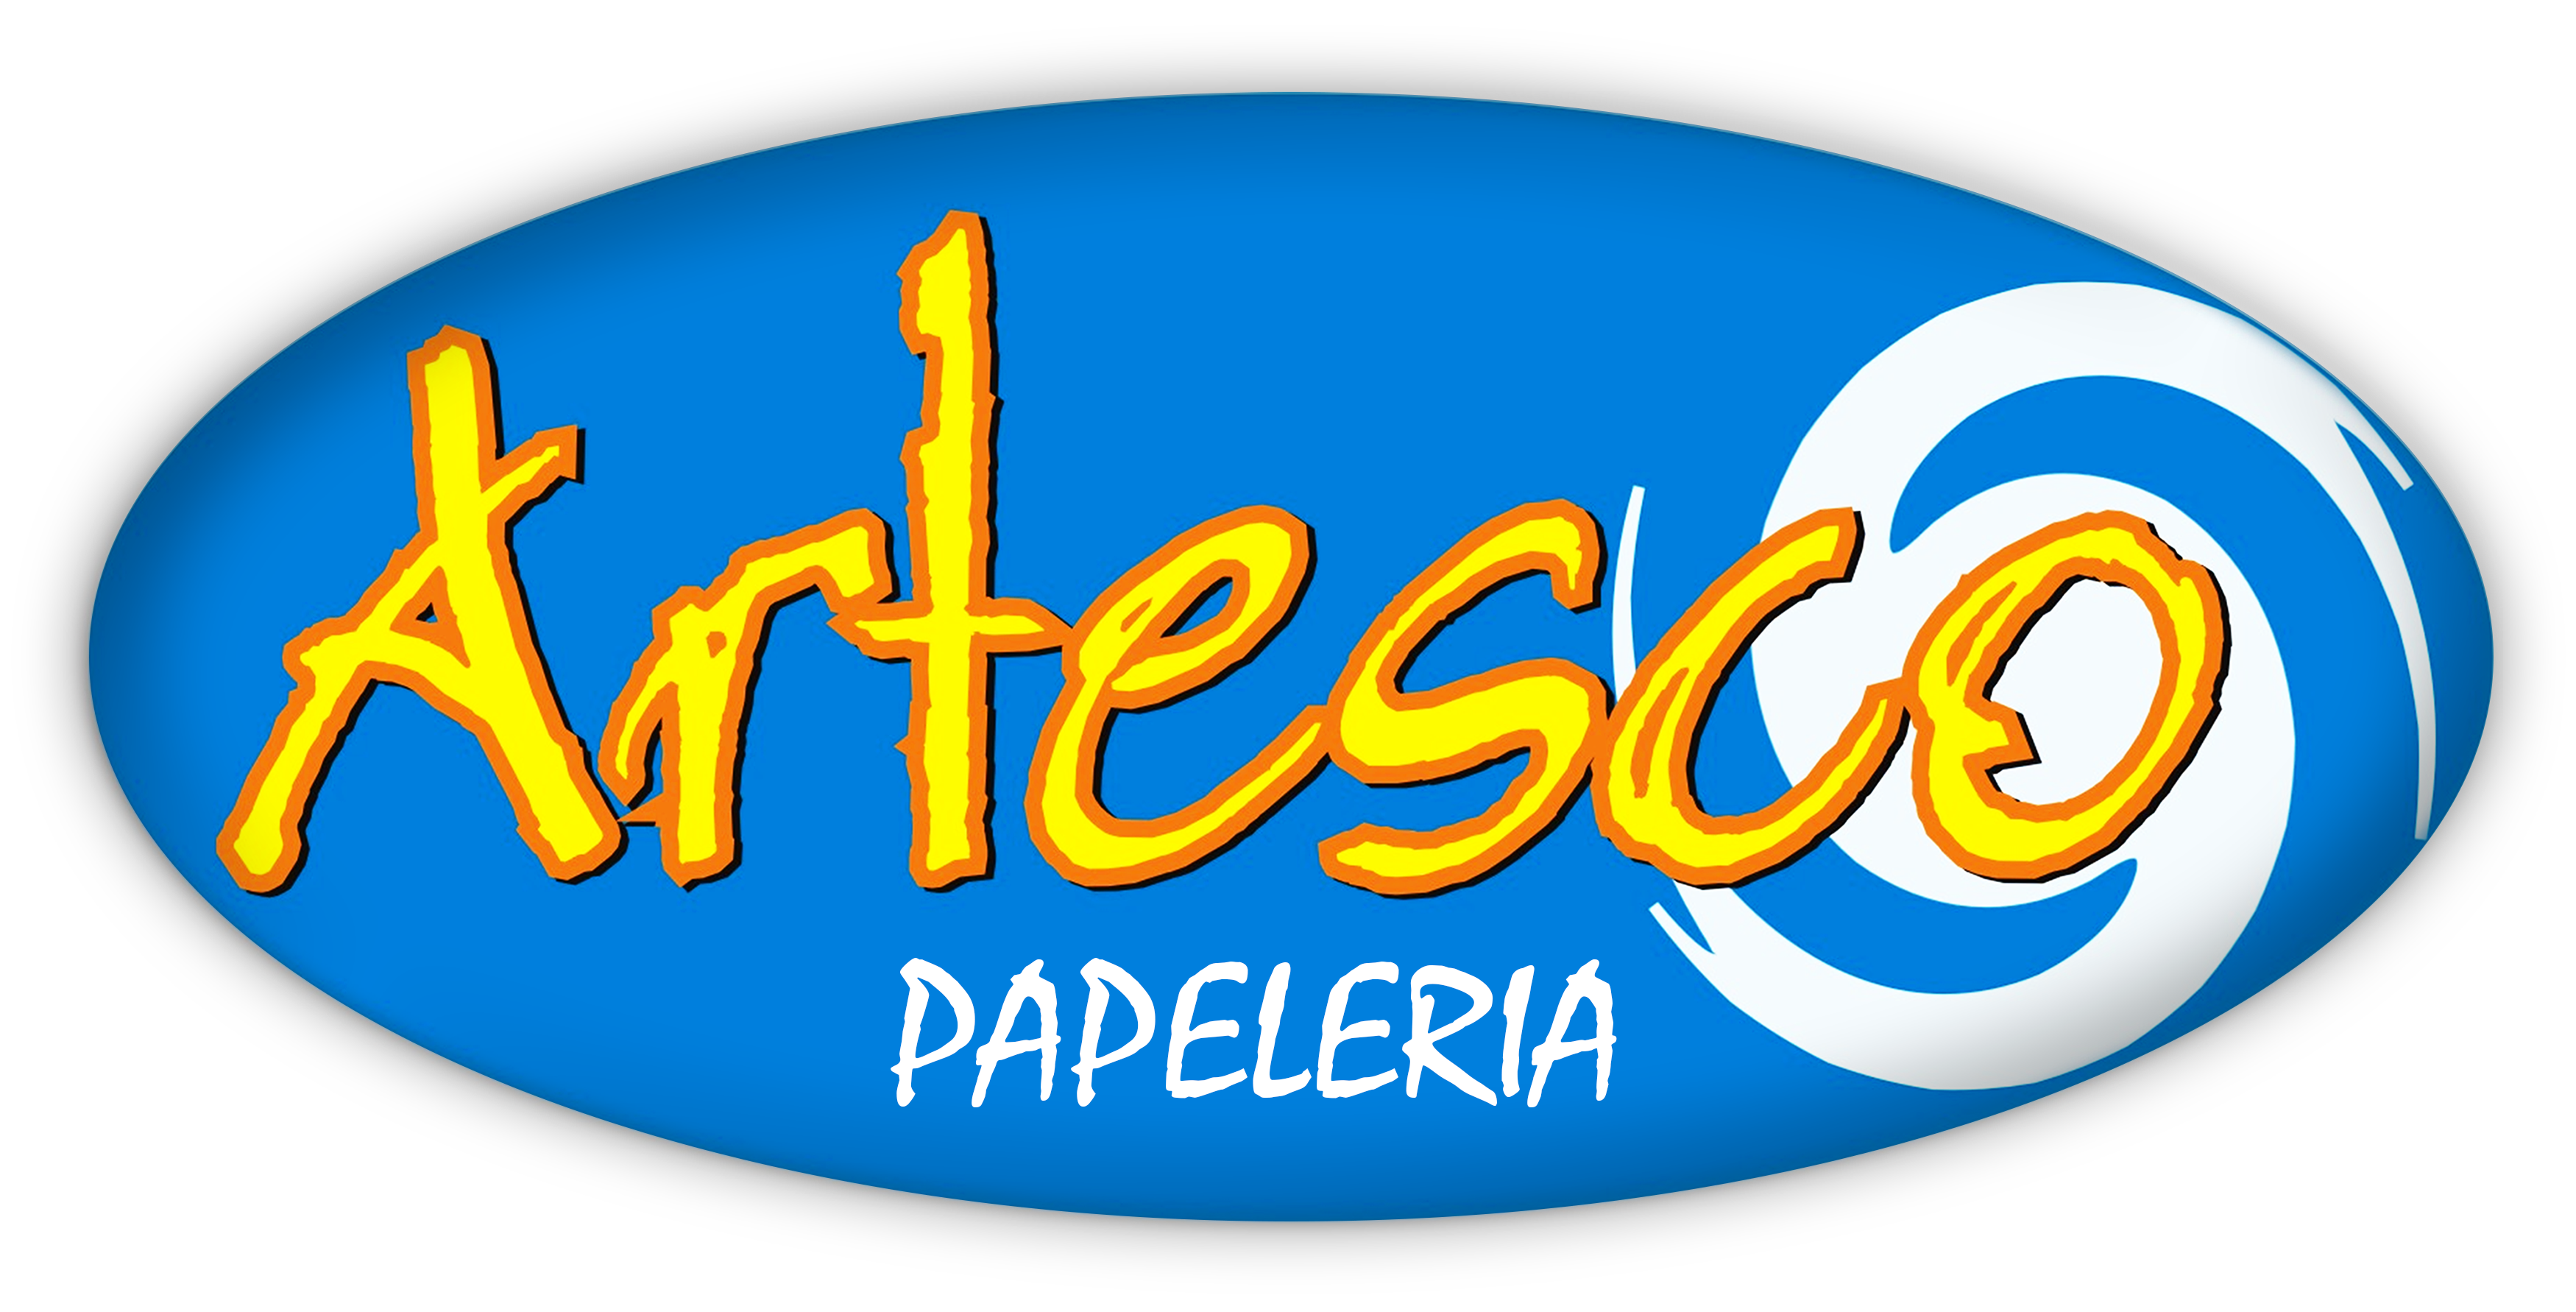 ARTESCO PAPELERIA
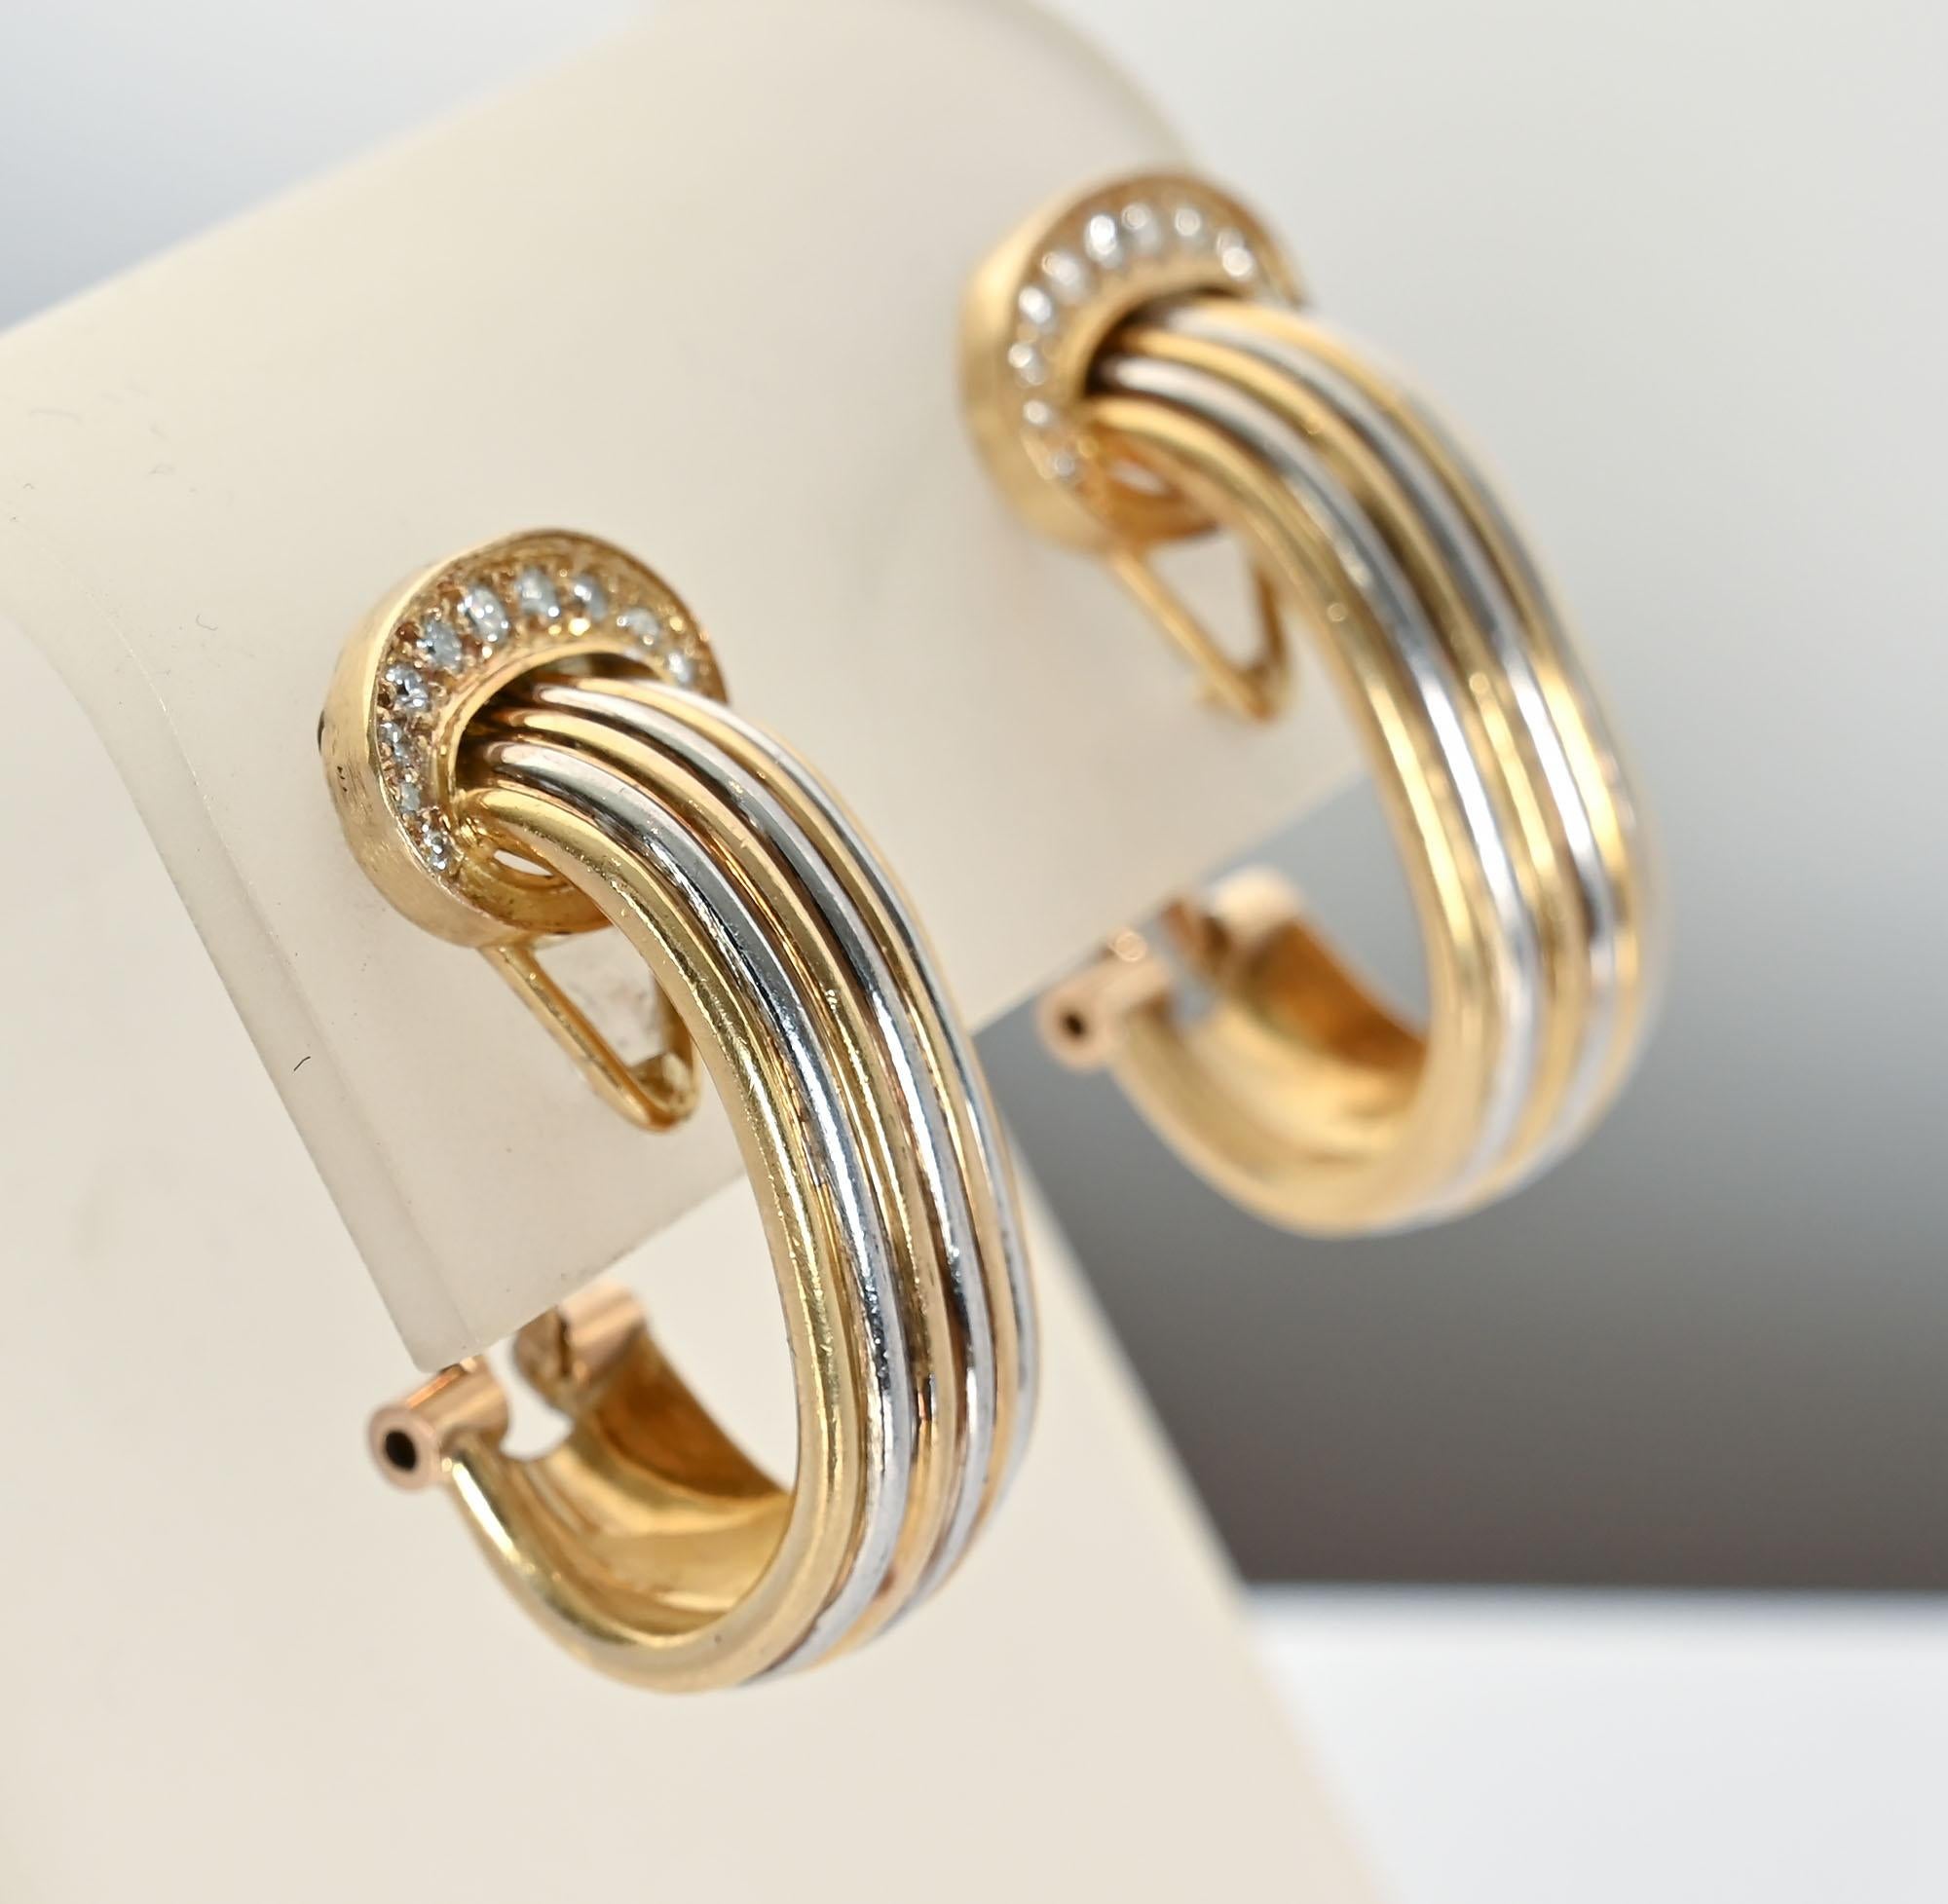 Cartier Doppel-C-Ohrringe mit abwechselnden Rippen aus Gelb- und Weißgold. Jedes C ist mit eingefassten Diamanten verziert.
Die Rückseiten sind Pfosten und Klammern. Die Maße sind 1 1/8

----------

## TASK STATEMENT
Transcribe, without alteration, each line from the one with "Cartier Doppel-C-Ohrringe mit" through the last line of the data; no pictures belong in the copy.

## YOUR SOLUTION
 Cartier Doppel-C-Ohrringe mit abwechselnden Rippen aus Gelb- und Weißgold. Jedes C ist mit eingefassten Diamanten verziert.
Die Rückseiten sind Pfosten und Klammern. Die Maße sind 1 1/8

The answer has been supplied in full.